Глава, в которой мы по-прежнему с Декановыми.
Итак, Дмитрий просыпается на следующий день, уже после десяти, и идёт к матери. Та спит (домашние дела переделаны и можно вздремнуть? Допустим). Дмитрий целует мать, та просыпается, и её одолевает тяга к общению. На какие темы? Ну конечно на религиозные!
— Дима... Ты веруешь в Бога?
— Да.
— Ты не изменил православной церкви?
— Нет.
— Спрашиваю, Дима, так, потому, что многие польстились на блага земные и перешли в католичество. Бог им судья, милый Дима, но знай, великий грех они сотворили. Не простит им Господь. Люби нашу веру православную.
— Мама! Я рыцарь! Именно теперь, когда гонима вера православная, я считаю величайшей подлостью изменить ей.
— Так, Дима. Нет красивее нашей веры. Она одна дает душевный покой... Я испытала это и там... И тут... Молись каждый день, Дима!.. Дима, русский — только православный!
Опять речь о внешней красоте. О доброте, правде — помолчим. Однако первый пункт Положительного Персонажа Краснова - чек. А вот со вторым всё уже не так гладко.
— Дима, ты... монархист?
Карие глаза матери впились в темные глаза сына, и, казалось, проникали в самую душу его.
— Нет, мама.
— Нет?
Ее пальцы разжались, отпустили руки сына, и маленькие ее ручки упали на одеяло.
Дмитрий, однако, начинает отстаивать свою собственную позицию.
— Нет, мама... Я не принадлежу ни к какой партии.
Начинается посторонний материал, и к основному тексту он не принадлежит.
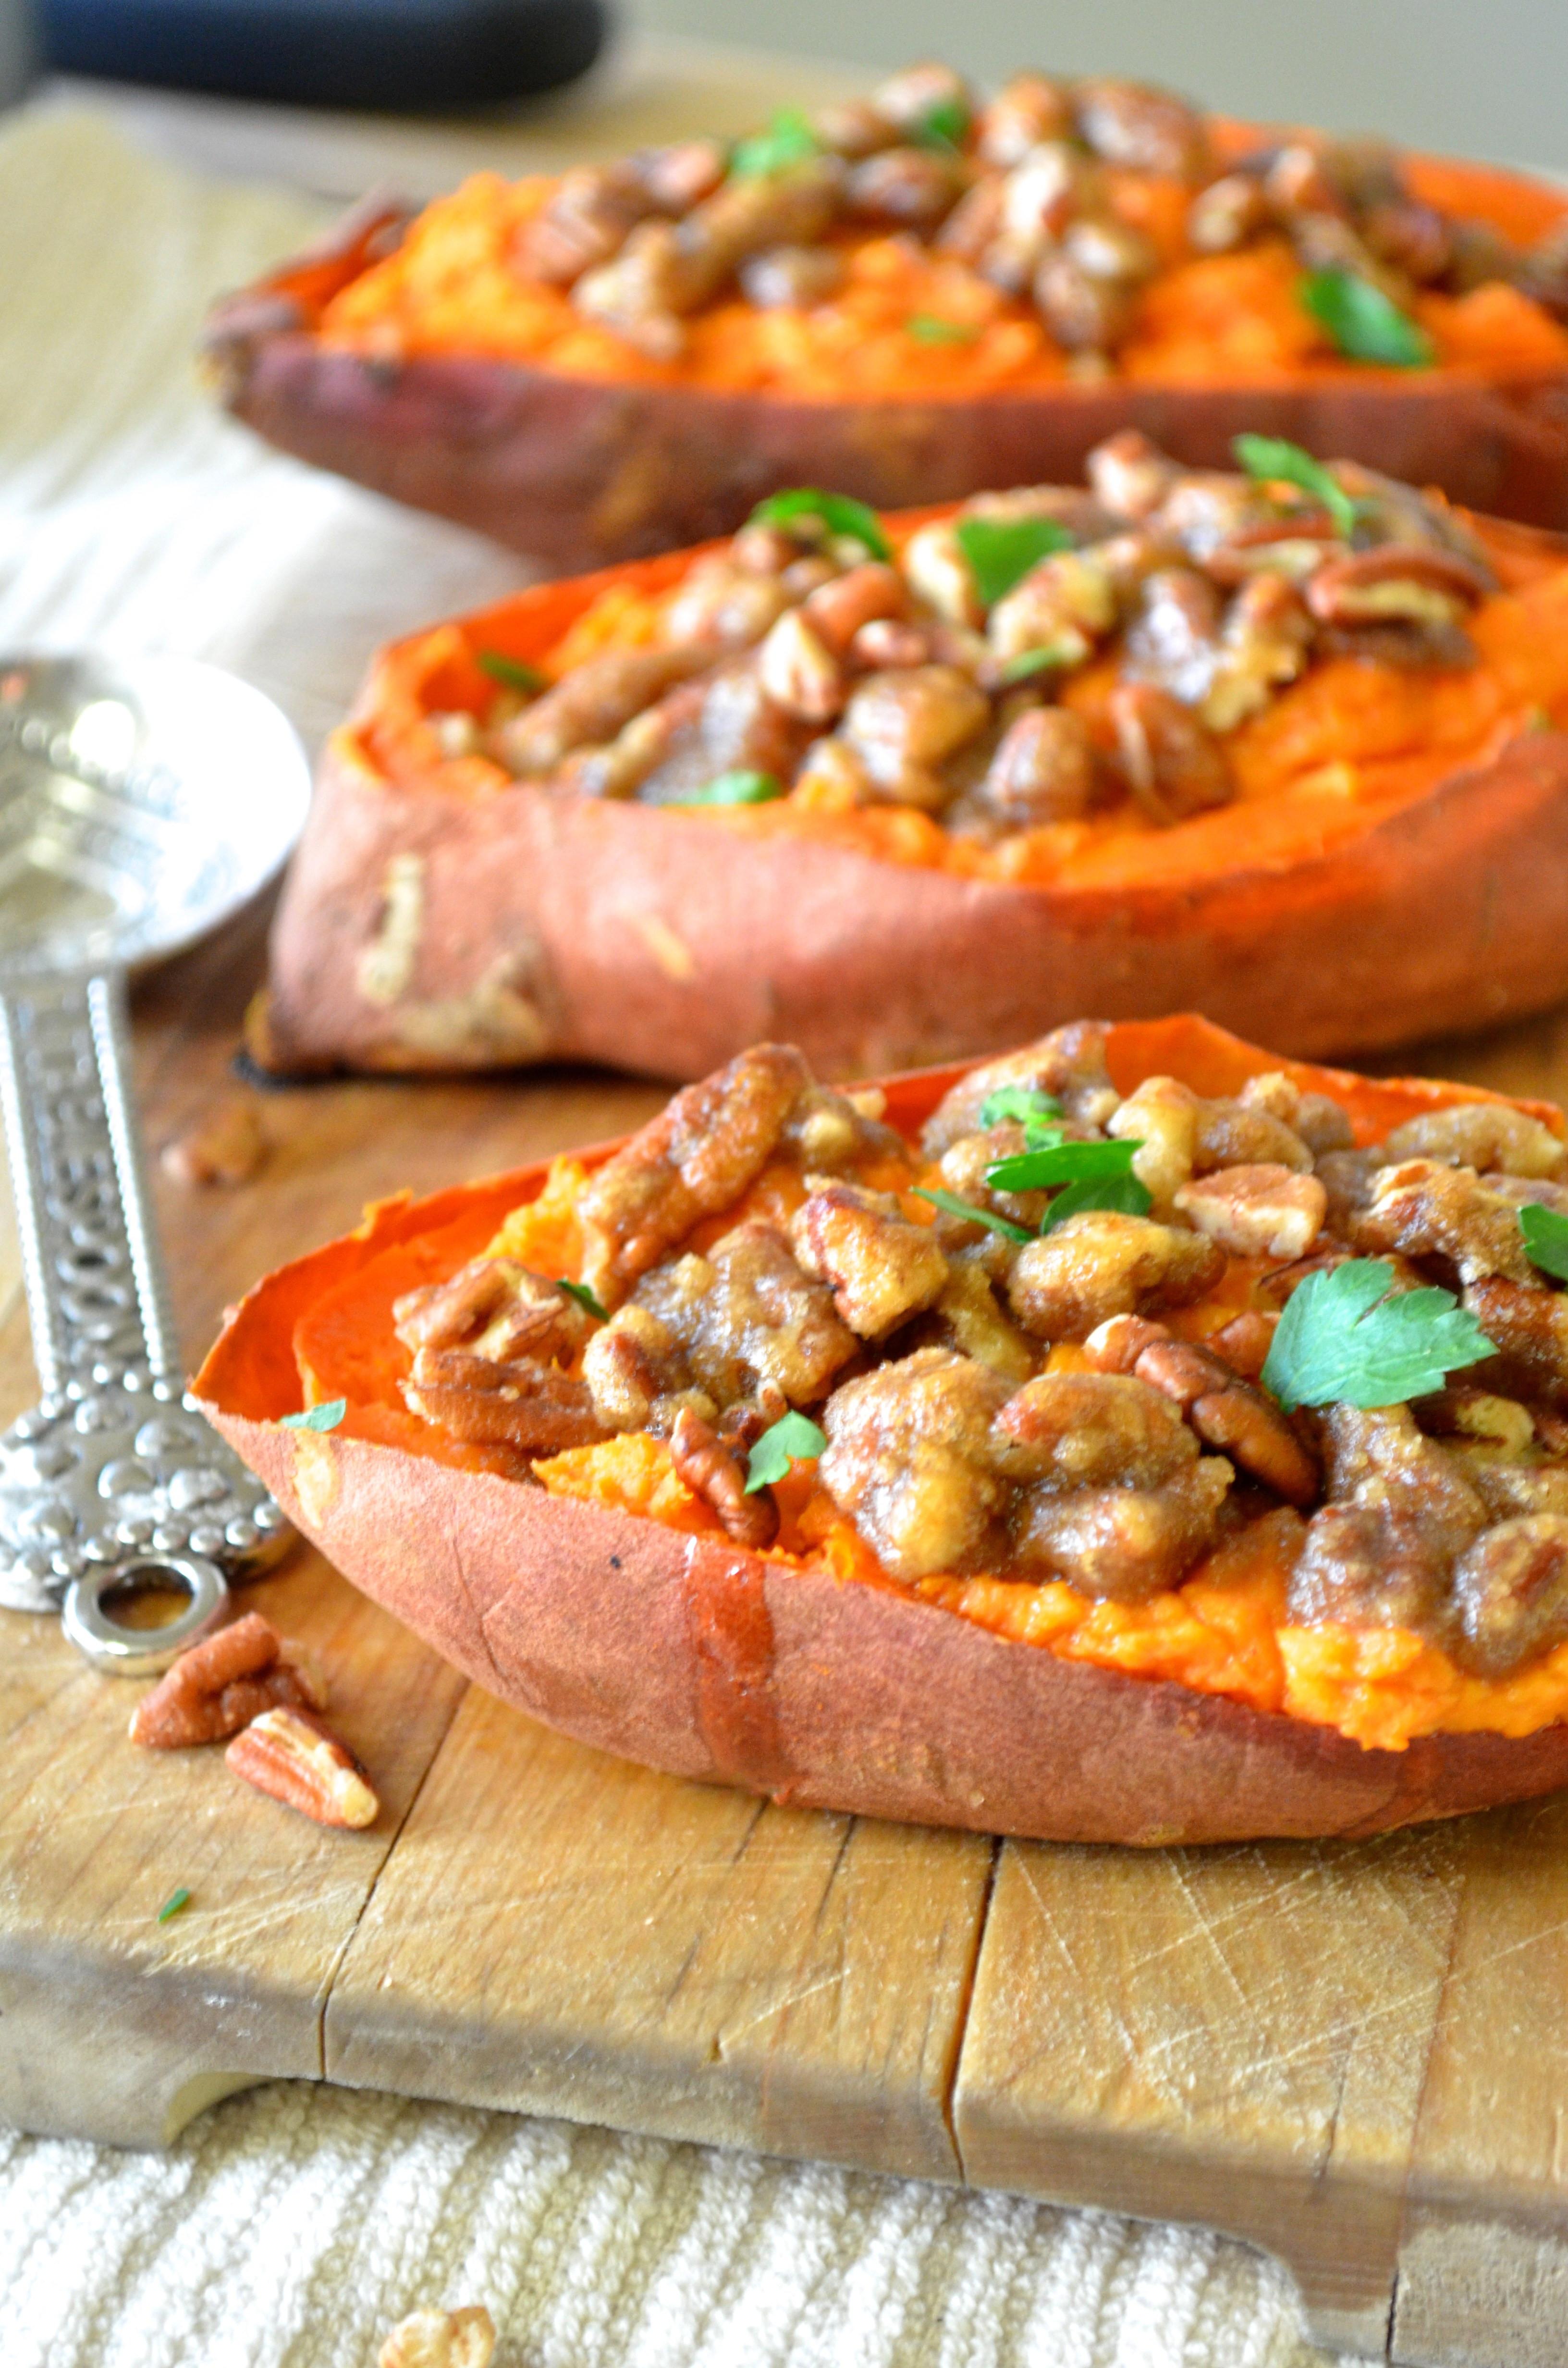 Healthy Roasted Sweet Potatoes  Twice Baked Sweet Potatoes with Pecan Streusel Apple of

Но царя ношу в своем сердце, потому что историю России помню и так много пережил теперь. В Добровольческой армии, потом, во время службы у англичан, мне приходилось сталкиваться с людьми всех партий и всех направлений. Это, мама, ненормальные люди. Это — Никиты Пустосвяты. Им не суть веры важна, а то, как писать: "Исус" или "Иисус", — креститься двумя перстами или тремя. Я, мама... Да скажу, что вся теперешняя молодежь... Мы стали шире... Тот футляр, что поневоле носили вы, наши родители, еще более тесный футляр, что надевает на людей всякая партия, — и монархическая тоже, — мы, мама, скинули этот футляр... Мне как-то в конторе казак старый один говорил: "Ты мне правду-матку подай, а программа мне не нужна. Я ее в толк не возьму, а ты мне просто скажи, с царем или без царя..." Беседовал я, мама, с монархистами, то есть с партийными, конечно. Им нужен такой царь, который их программу бы признал. И у каждого разная программа. "А если, — говорю, — царь да кое-что от "кадет" позаимствует или какого-нибудь эсера министром сделает, что тогда?" — "Нам такого царя не надобно". Видишь, мама, им не царь нужен, а им нужно первенство их партии перед другими...
Допустим.
Если царь сидит на престоле московском, царь беспартийный, царь надпартийный, царь, который выше всех этих программ, лозунгов и перегородок, то любовь и мир, и общая дружная работа.
Короче говоря, старая песня, да на новый лад. Извините, но я ржу. Во-первых, "беспартийному" царю надо привести к общему знаменателю все партии, а тут без крови не обойдётся. А значит и работа выйдет не такая уж "дружная" и "мир" окажется без "любви". Одако же второй пункт Положительного Персонажа - таки чек.
Дмитрий продолжает.
Царь берет работников, любящих дело, понимающих, как надо делать, и не спрашивает их, какой они партии. Он спрашивает дело и преследует за упущение этого дела, а не за то, что человек когда-то числился в какой-то партии.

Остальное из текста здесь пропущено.